Historically, Northwestern has faltered against Ohio State. They've beaten them once since 1971, when Brett Basanez and Noah Herron led a stirring overtime comeback. This game has led to the importance of the number 33 in Wildcat numerology: Herron, wearing #33, scored the games decisive 33rd point with his 33rd carry, and I also saw a drunken bar patron menace close to 33 people with a bar stool after the game was over.
Noah Herron temporarily ends the Buckeyes' reign of terror against Northwestern football
The 'Cats open this game as home underdogs. In a spot of good news, Venric Mark will play for the first time since a brief cameo in the opener. The addition of a dynamic playmaker will only help the offense, which struggled against Maine. Nevertheless, Northwestern faces hurdles. The pass defense will be tested. They will need to take advantage of turnovers. And they should possibly look into some type of subterfuge such as convincing the Buckeye coaching staff that the Wrigley Rules are still in effect from Gameday and they are barred from any use of the south endzone for any reason including touchdowns, touchdown dances, safeties, touchbacks, team-building exercises, and general Big Ten expansion talks.
FOOTBALL APOCALYPSE
In the meantime, you have from now until Saturday evening to prepare yourself for the momentous, exhilarating, terrifying prospect of a football apocalypse. The United States government has shut down in preparation. There are no longer any laws in the United States. You can go to Columbus with a crew of several thousand and crane equipment, steal Buckeye Stadium, remove it to a vacant lot, and leave threatening messages on Brutus Buckeye's voicemail account because there is no one left to stop you. The Big Ten can add as many teams as it likes without consequence and no one can prevent Jim Delany from walking around with a cape. The game will have no referees except for the angry fake Mayan guys from Legends of the Hidden Temple who will pop out of the locker room and attempt to startle players in false start situations.
THIS IS NOW YOUR PRESIDENT, AMERICA
Stock up on canned goods, water, and Wildcat Hats. Gameday is coming. And, on Sunday, when the dust has cleared from Ryan Field, when nothing remains of the braying fans, when expired sausage products disintegrate in the parking lot, Northwestern will have won or lost a football game, and this means something.
By referencing NU football rather than Rice, Jack Kennedy would have needed to alter the rest of his speech to "We choose to go to the moon in this decade and do the other things, not because they are easy, but because they are im-freaking-possible . . ." and I'm sure Arthur M. Schlesinger, Jr. advised him that such a turn of phrase would not 'pop' in the history books.

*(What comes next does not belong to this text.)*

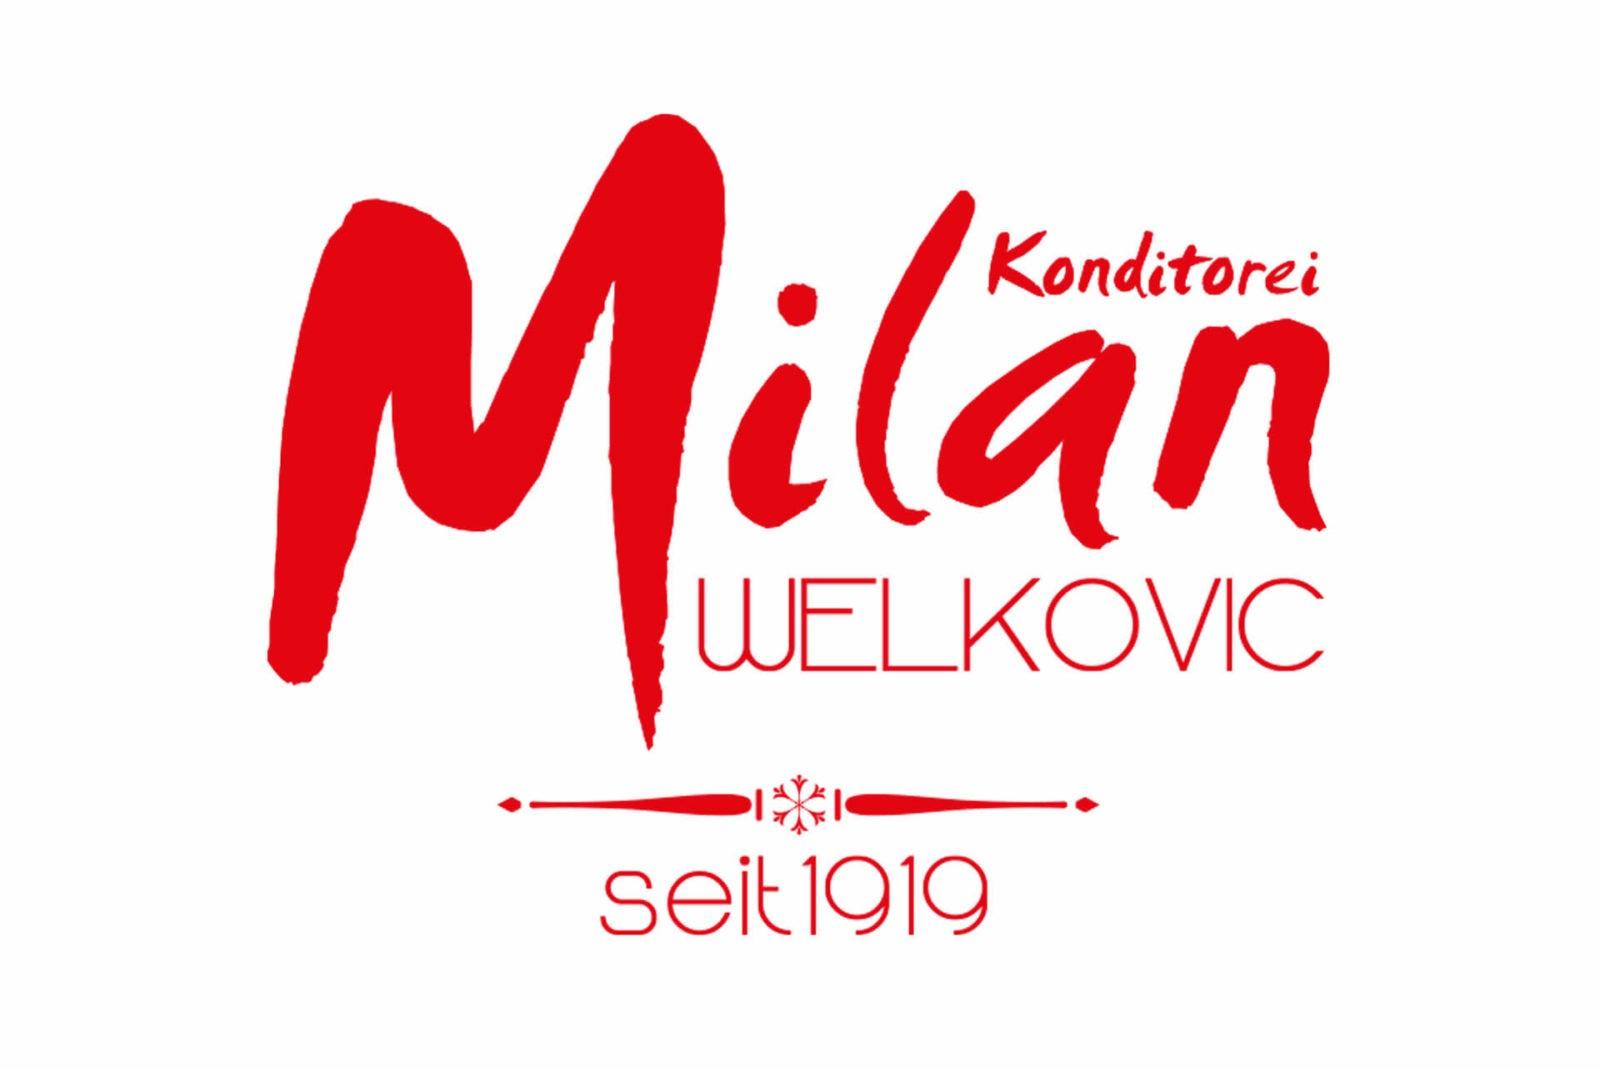 Kunde Konditorei Milan Welkovic Logo

ReplyDeleteI appreciate that you waited until today (well, yesterday, actually, but I just read it now) to create the emotional frenzy that I am now experiencing in anticipation of NU v tOSU. While other writers went to the whip ten or more days ago and left readers spent and panting by the time last Saturday's absence of contest occurred, you demonstrated remarkable restraint and characteristic wisdom in holding back your much appreciated emotional jolt. As we are not attending tomorrow in person, Mimsy and I will be holding a pep rally in the rec room at 6:30 tomorrow, at which time we and the dog anticipate rising to a still greater fervor. Props to you for another grand offering.